**Dataset content**
※ ※ ※

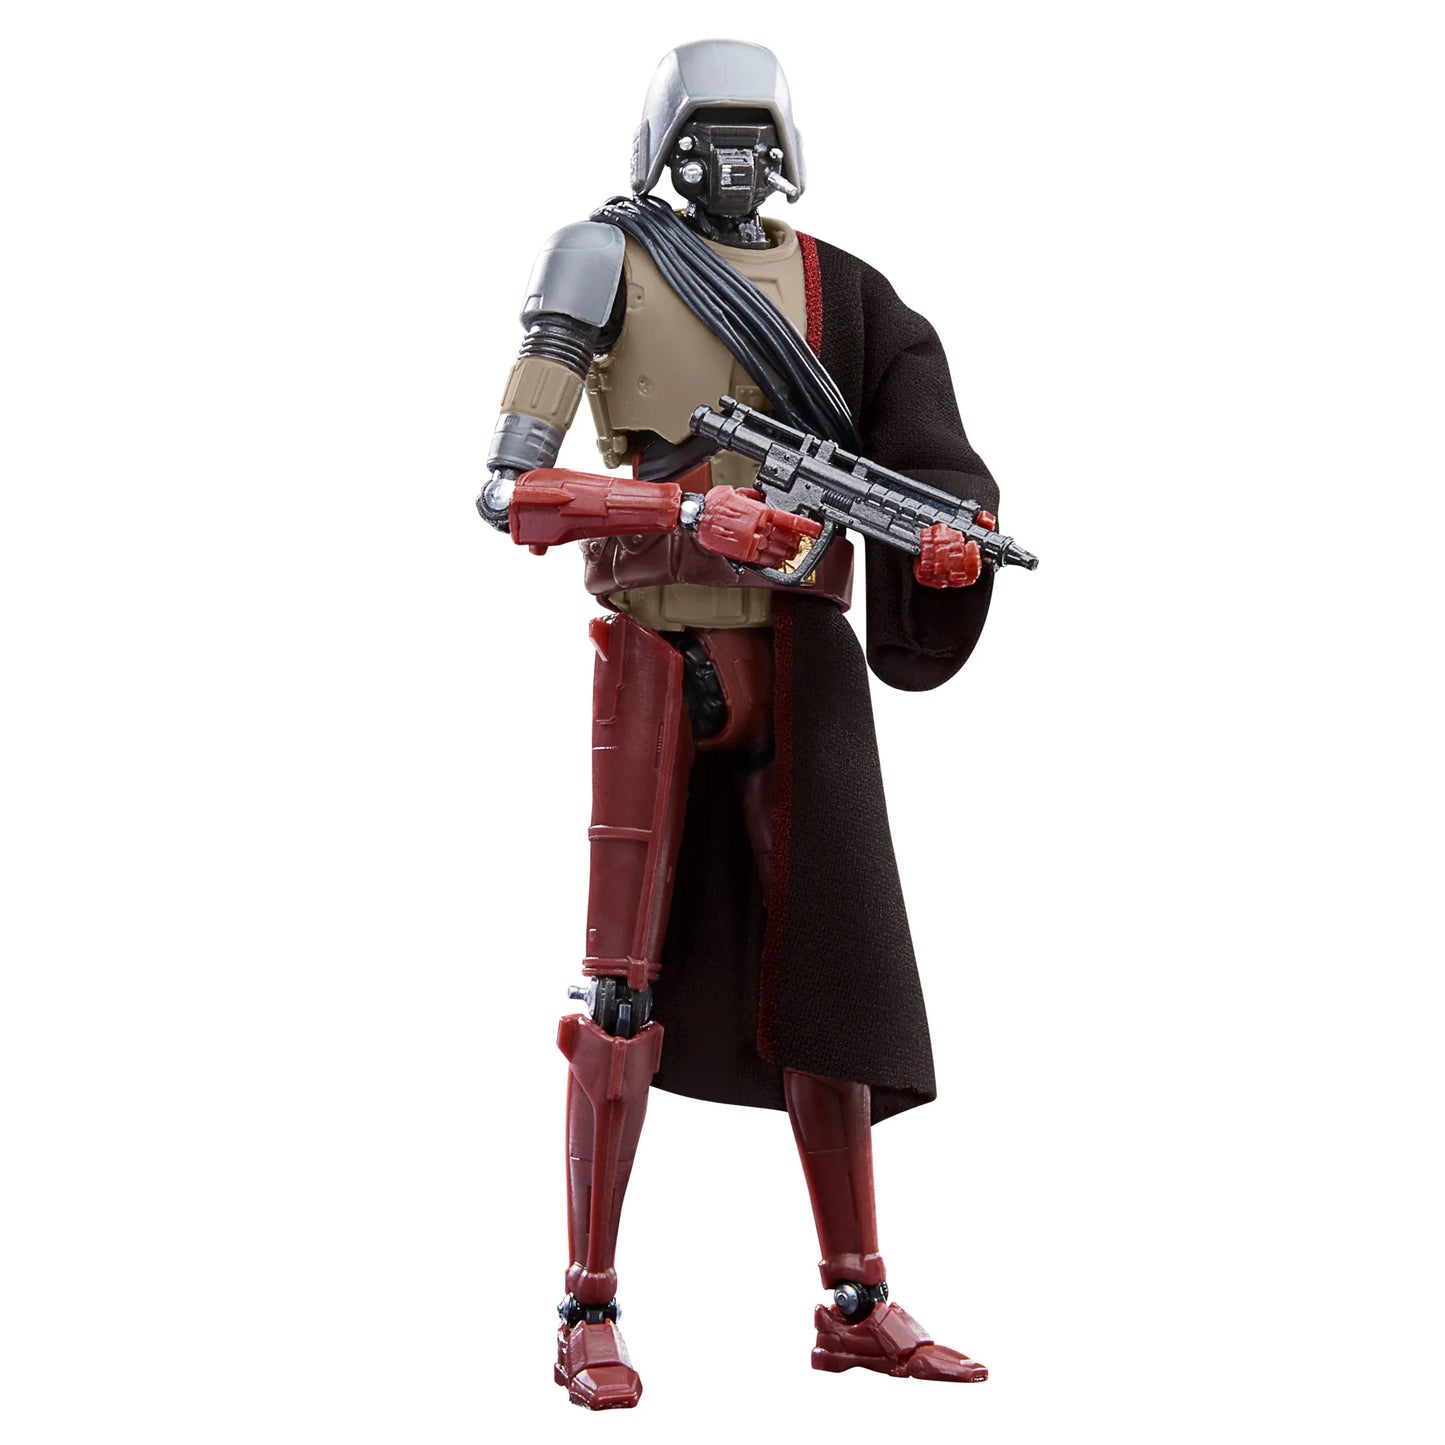 A detailed 6-inch Star Wars The Black Series HK-87 action figure, depicting the antiquated assassin droid design from The Mandalorian, complete with a character-inspired accessory and multiple points of articulation.
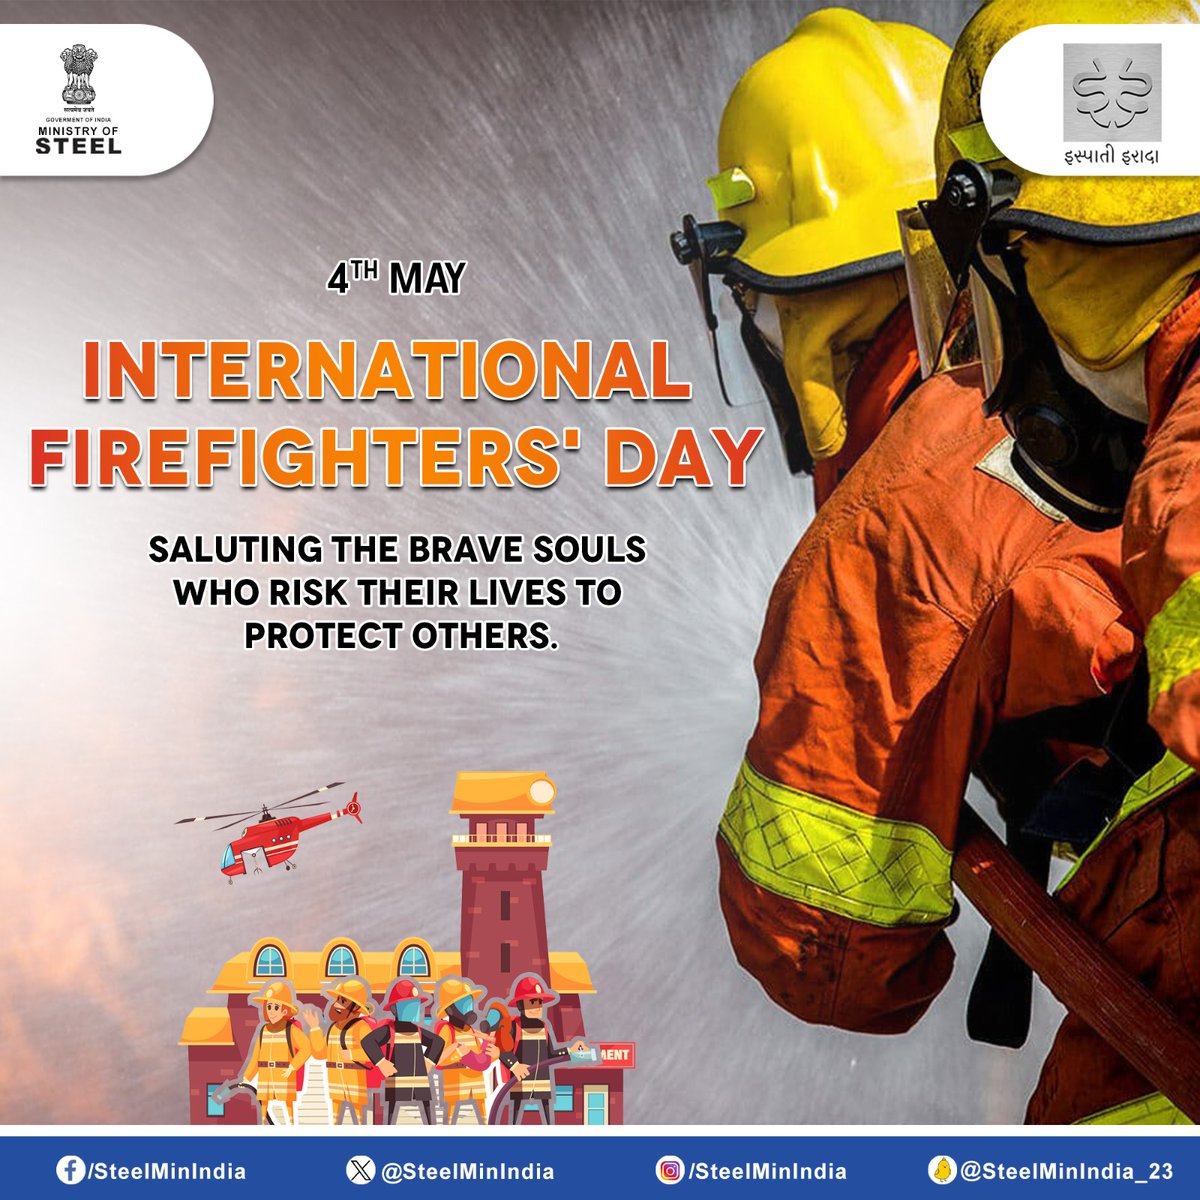 Saluting the courage and dedication of firefighters worldwide. Their unwavering commitment to protecting lives and communities is truly inspiring.🧑‍🚒 #InternationalFirefightersDay #Bravery
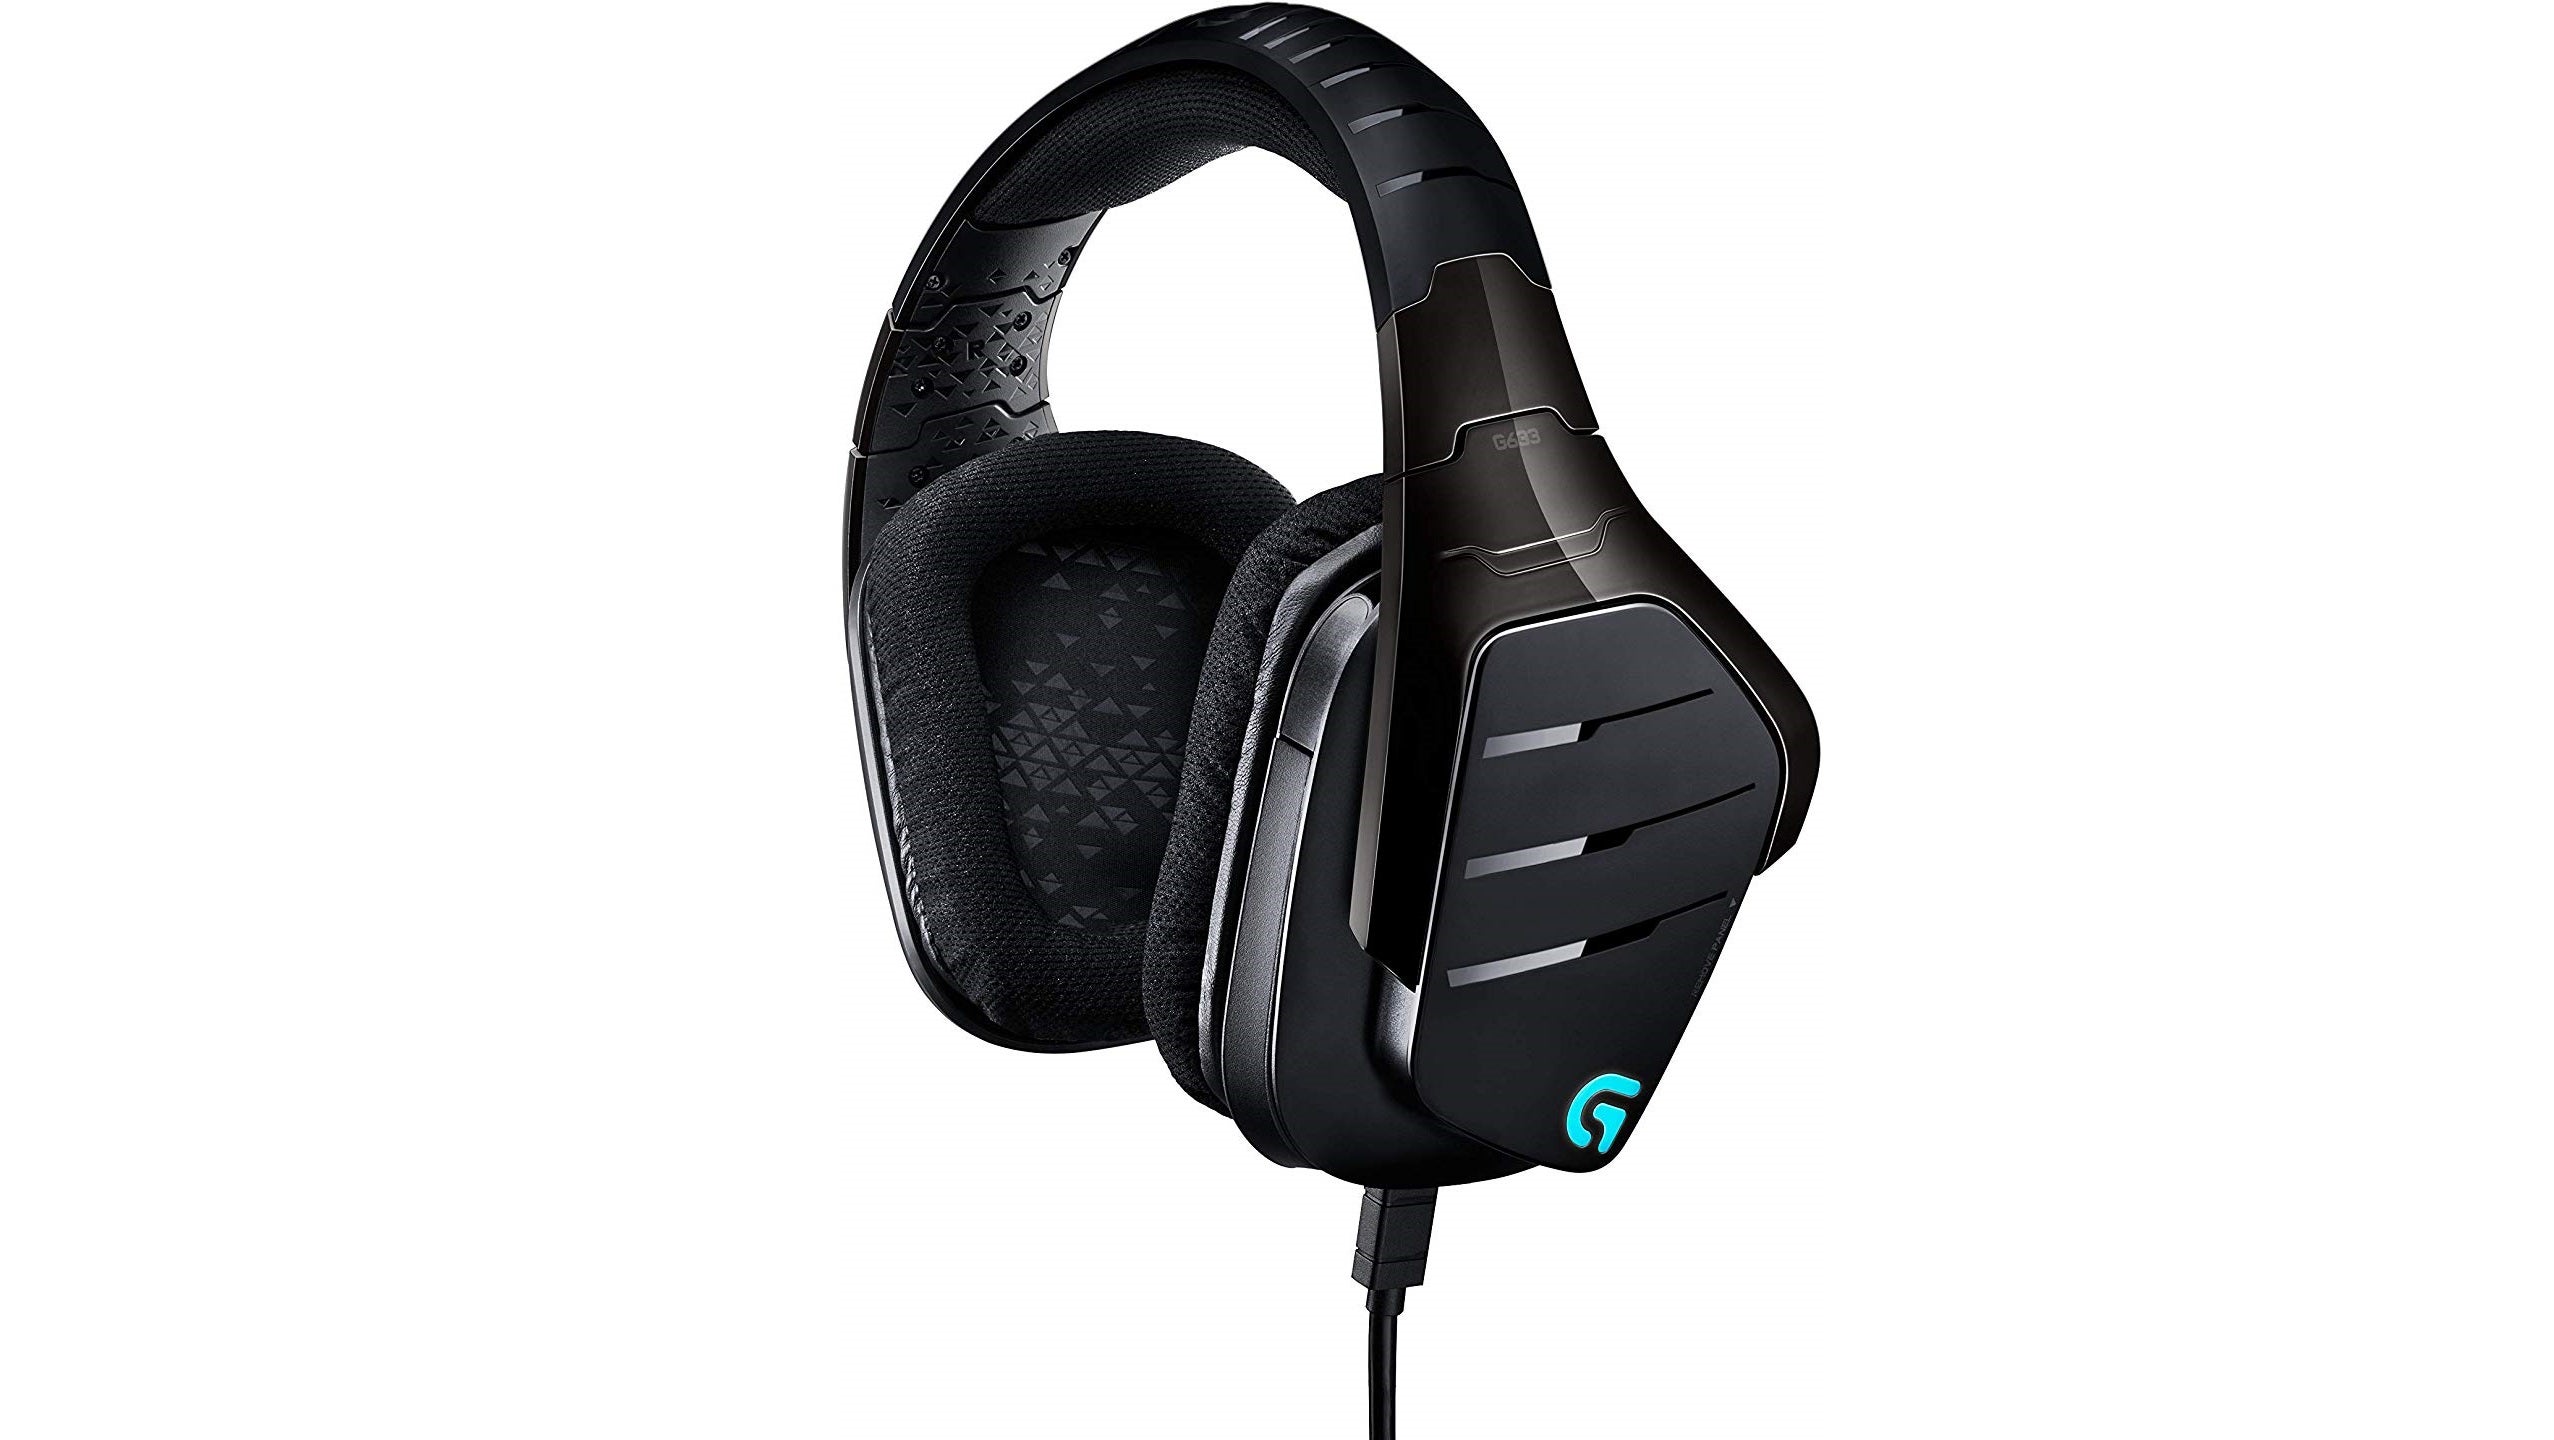 Image for There's up to 40% off these Logitech gaming peripherals and accessories

※ ※ ※

**Your assignment**
Every line of the listing should be repeated exactly; no picture should appear.

**Response for this exercise**
 A detailed 6-inch Star Wars The Black Series HK-87 action figure, depicting the antiquated assassin droid design from The Mandalorian, complete with a character-inspired accessory and multiple points of articulation.
 Saluting the courage and dedication of firefighters worldwide. Their unwavering commitment to protecting lives and communities is truly inspiring.🧑‍🚒 #InternationalFirefightersDay #Bravery
 Image for There's up to 40% off these Logitech gaming peripherals and accessories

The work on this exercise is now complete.